#### Data shown ####

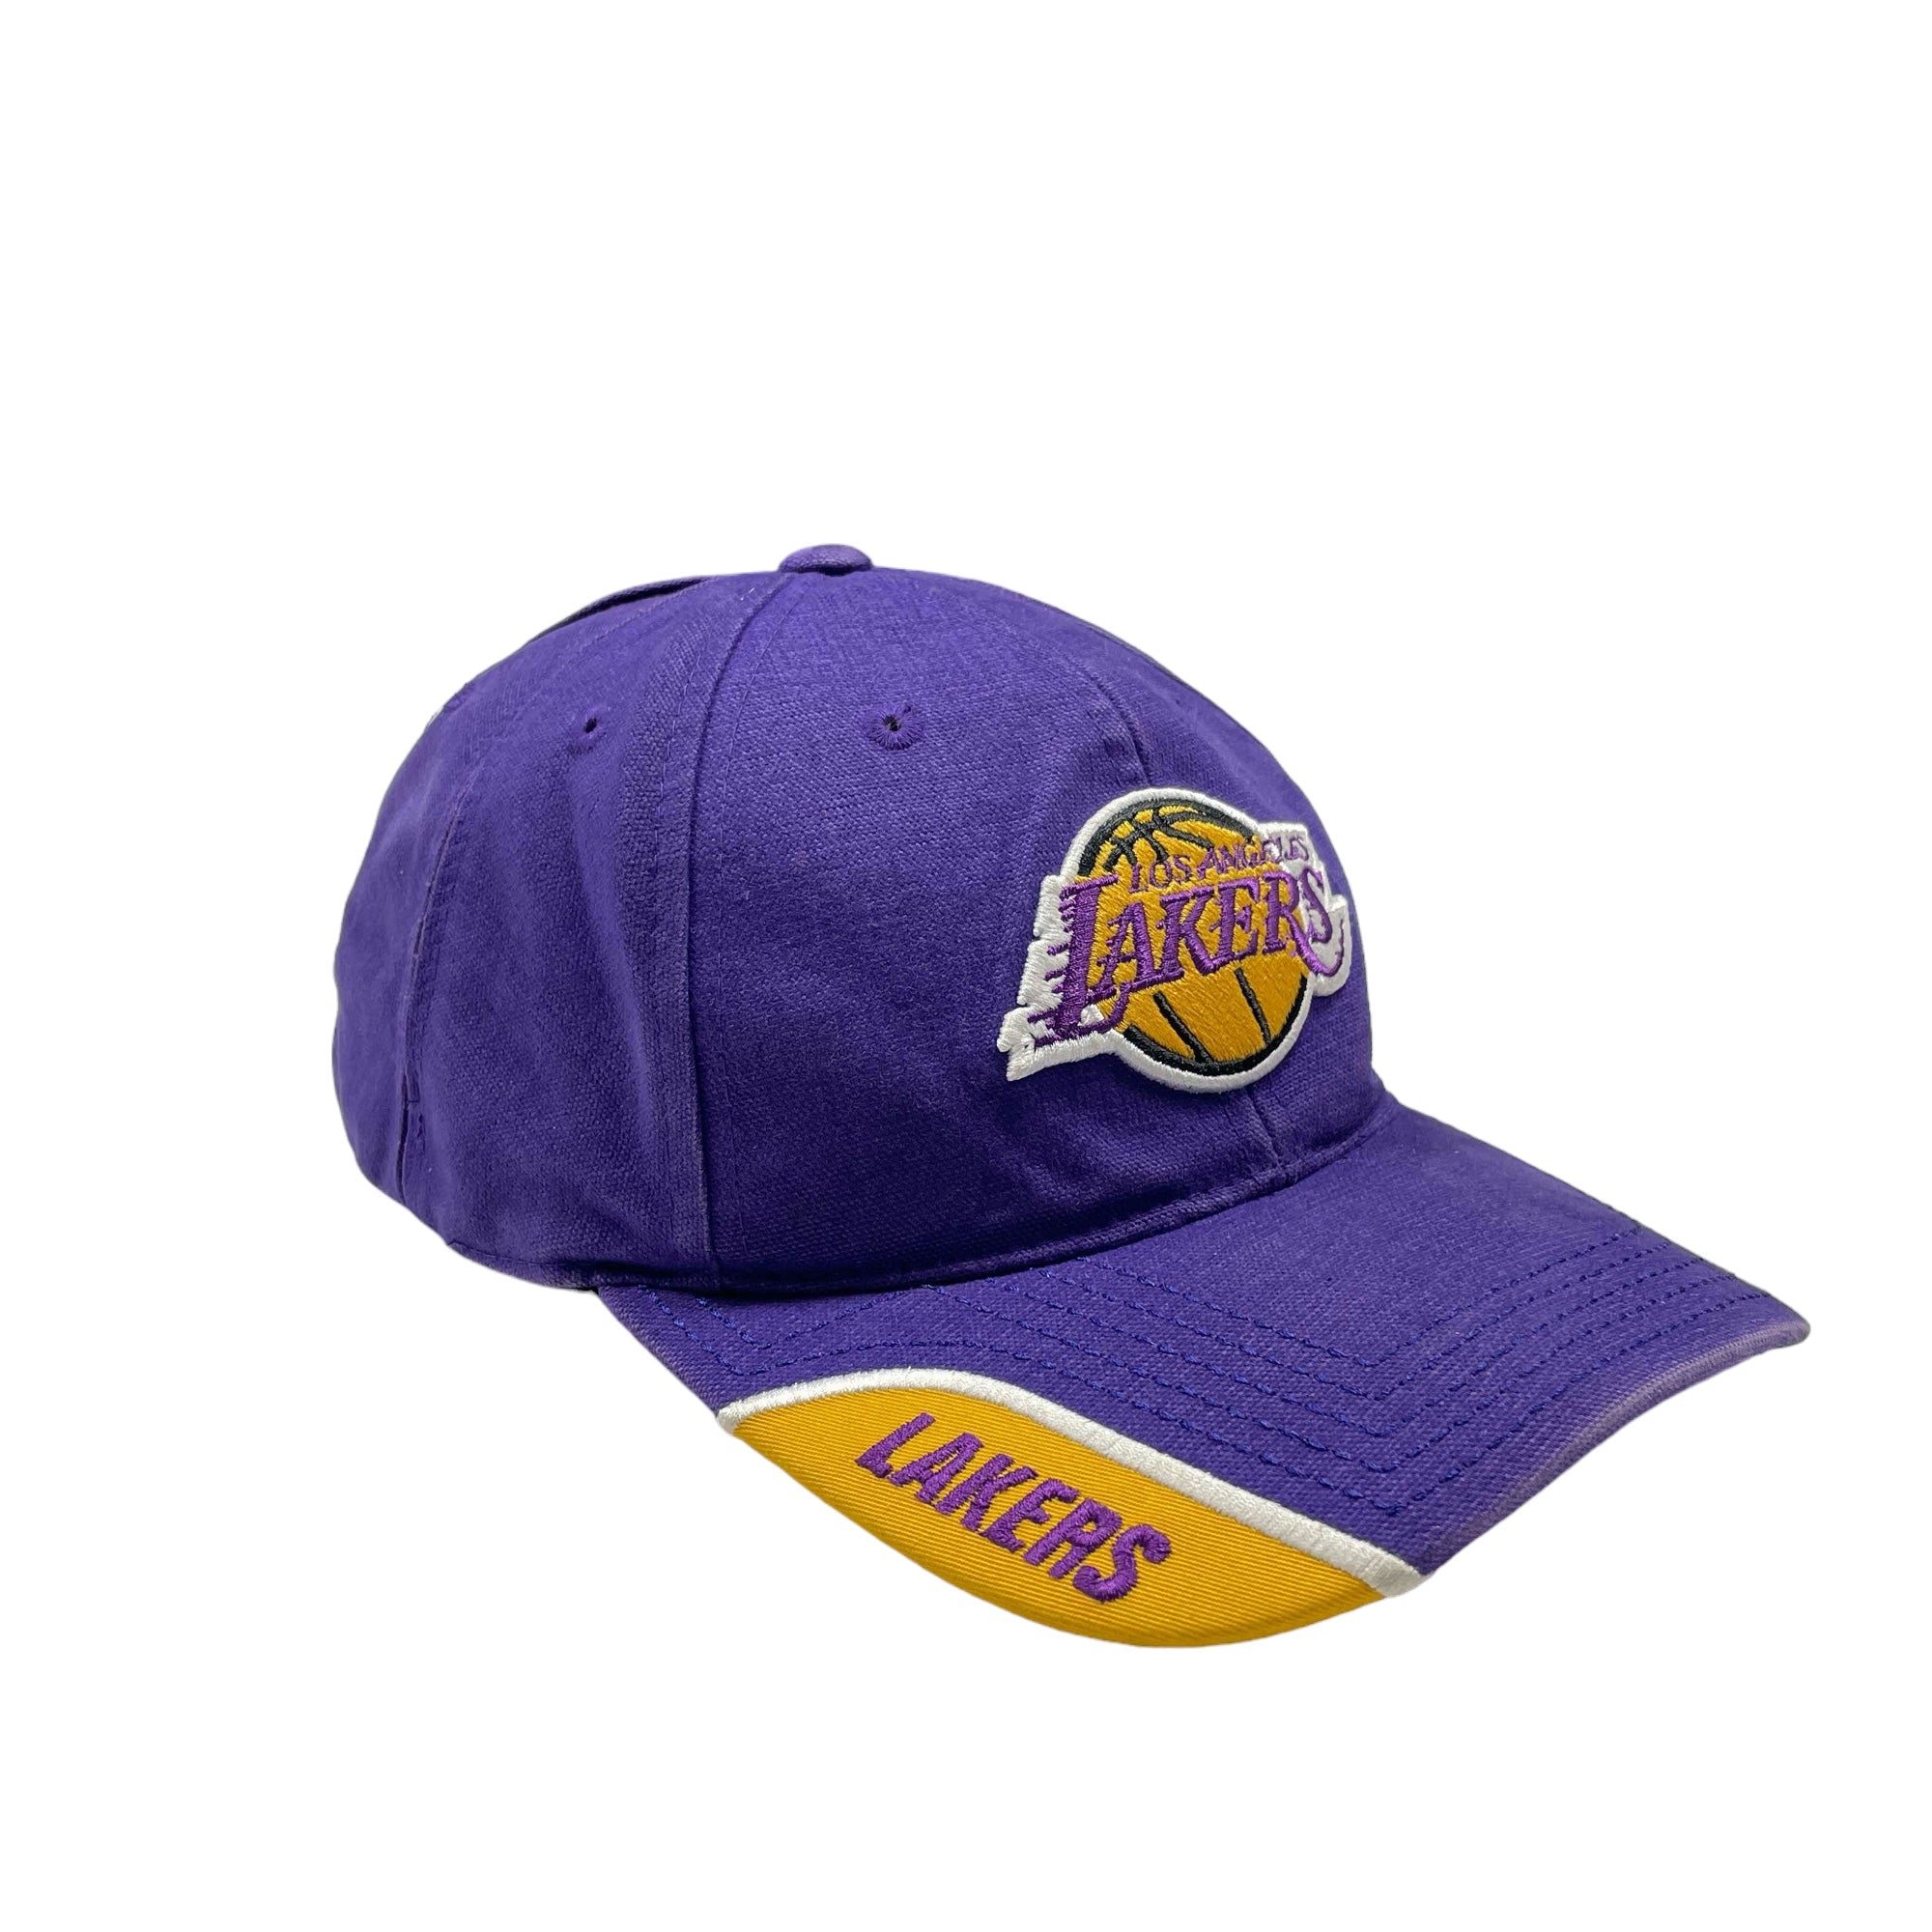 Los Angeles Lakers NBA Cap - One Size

####
#### Data shown ####

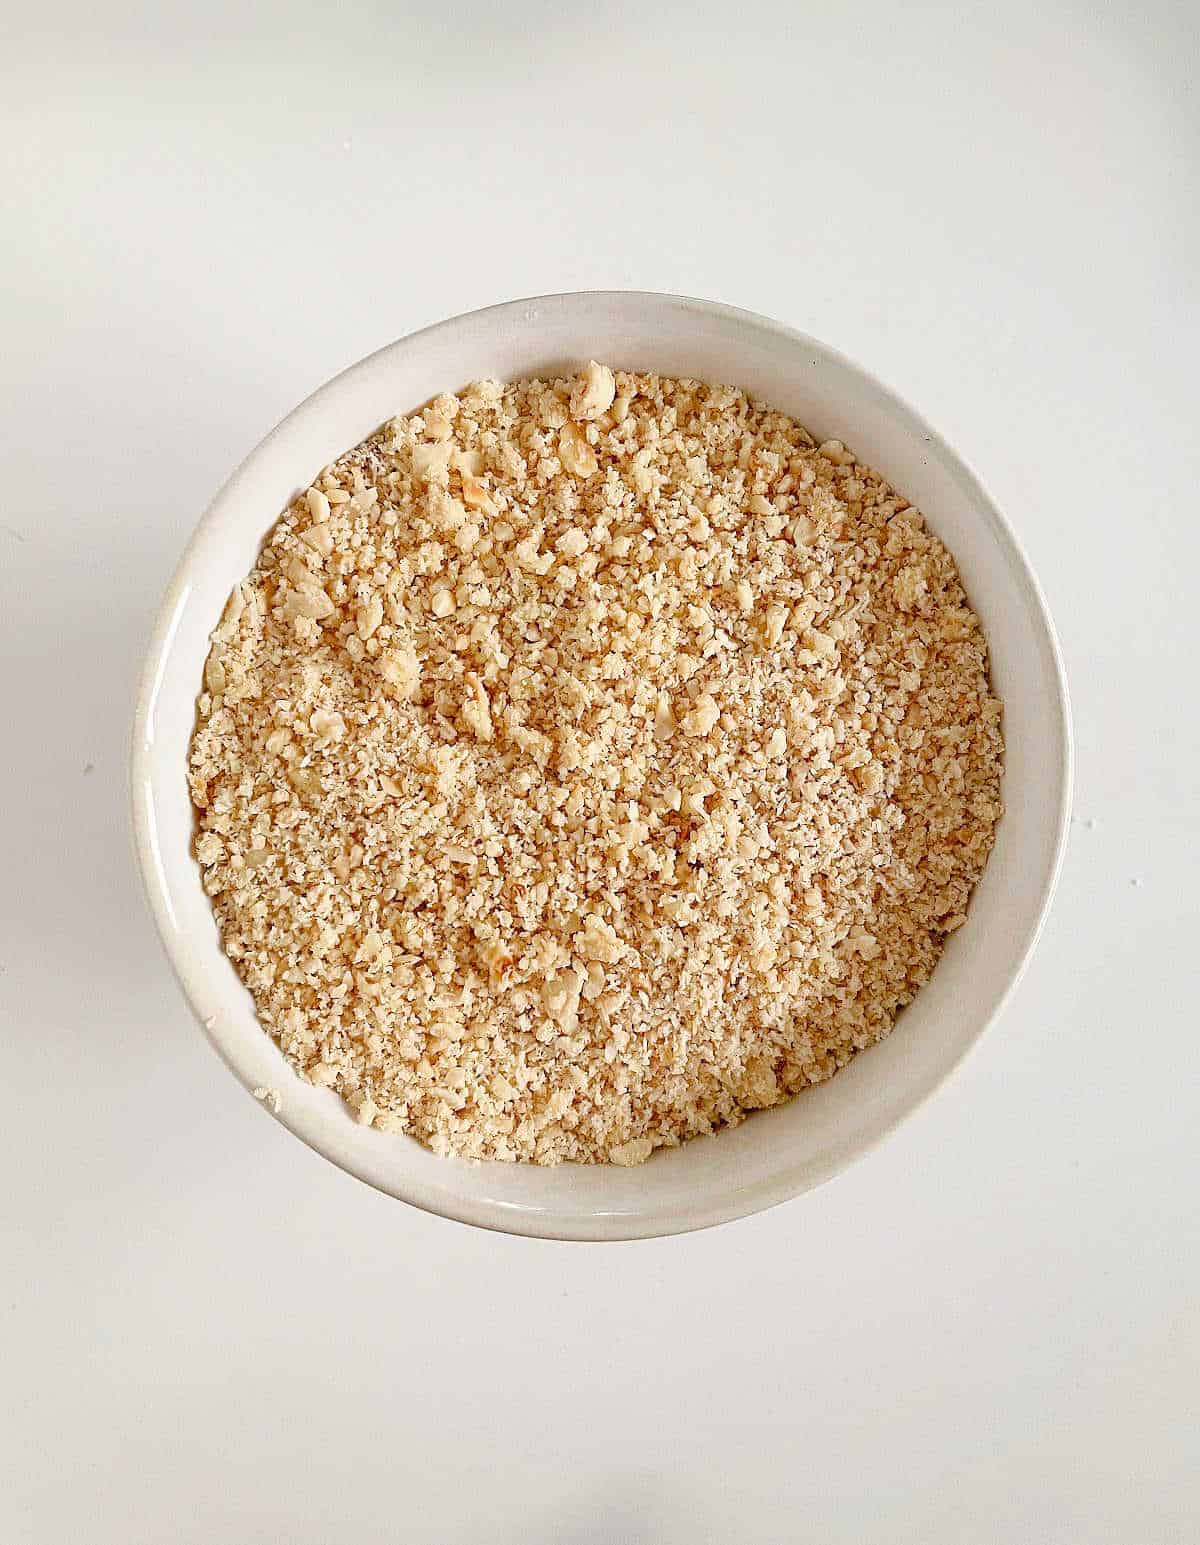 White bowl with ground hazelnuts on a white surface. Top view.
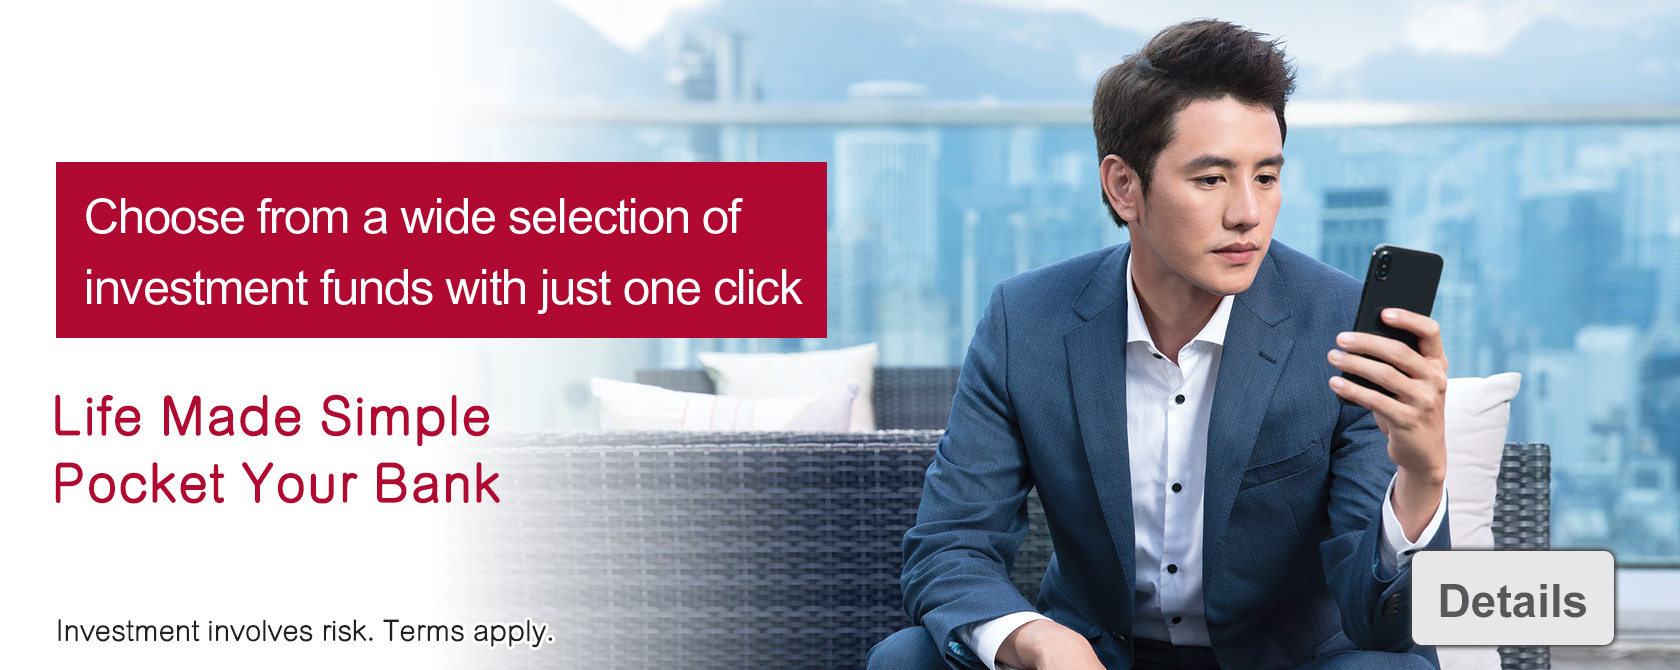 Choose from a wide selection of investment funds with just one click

####
#### Data shown ####

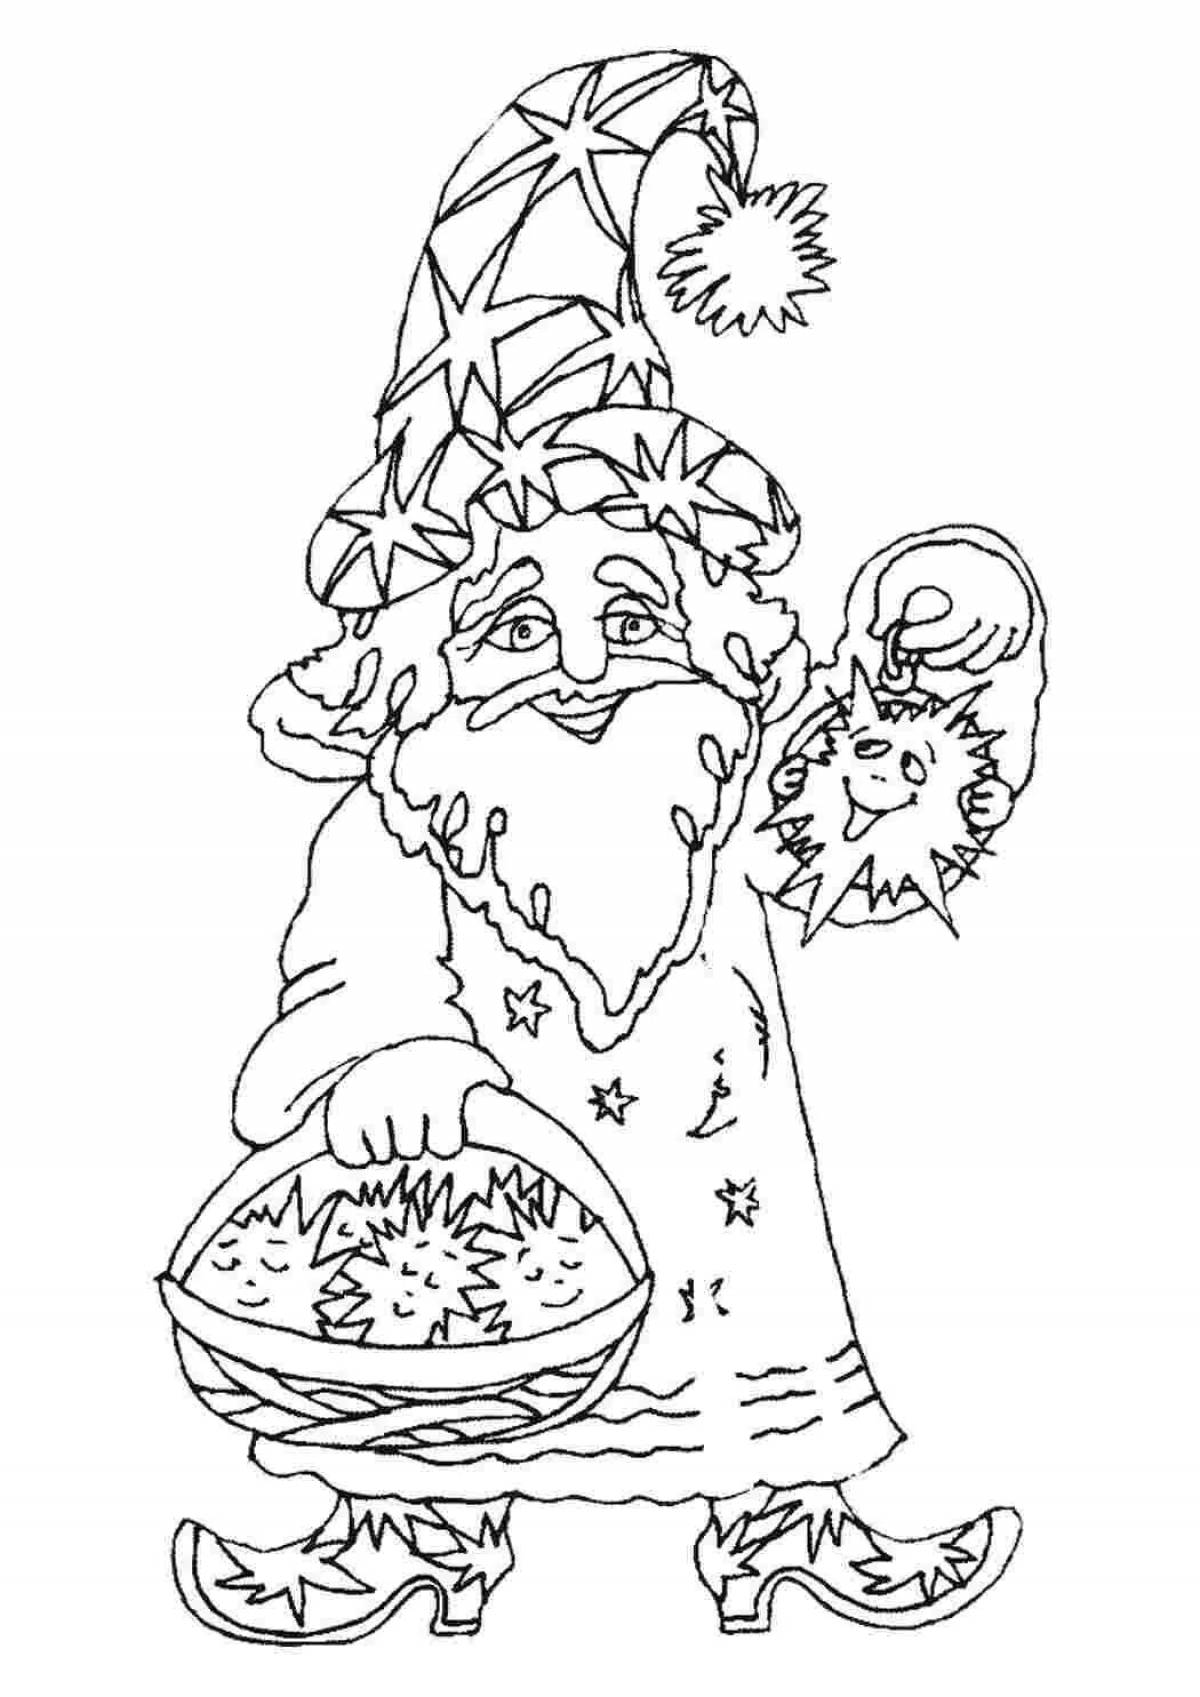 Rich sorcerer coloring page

####

Task prompt - Pictures aside, return exactly the lines from the data above, starting at the line that has "White bowl with" and ending at the line that has "Choose from a", both included.

Solution to this task -
 White bowl with ground hazelnuts on a white surface. Top view.
 Choose from a wide selection of investment funds with just one click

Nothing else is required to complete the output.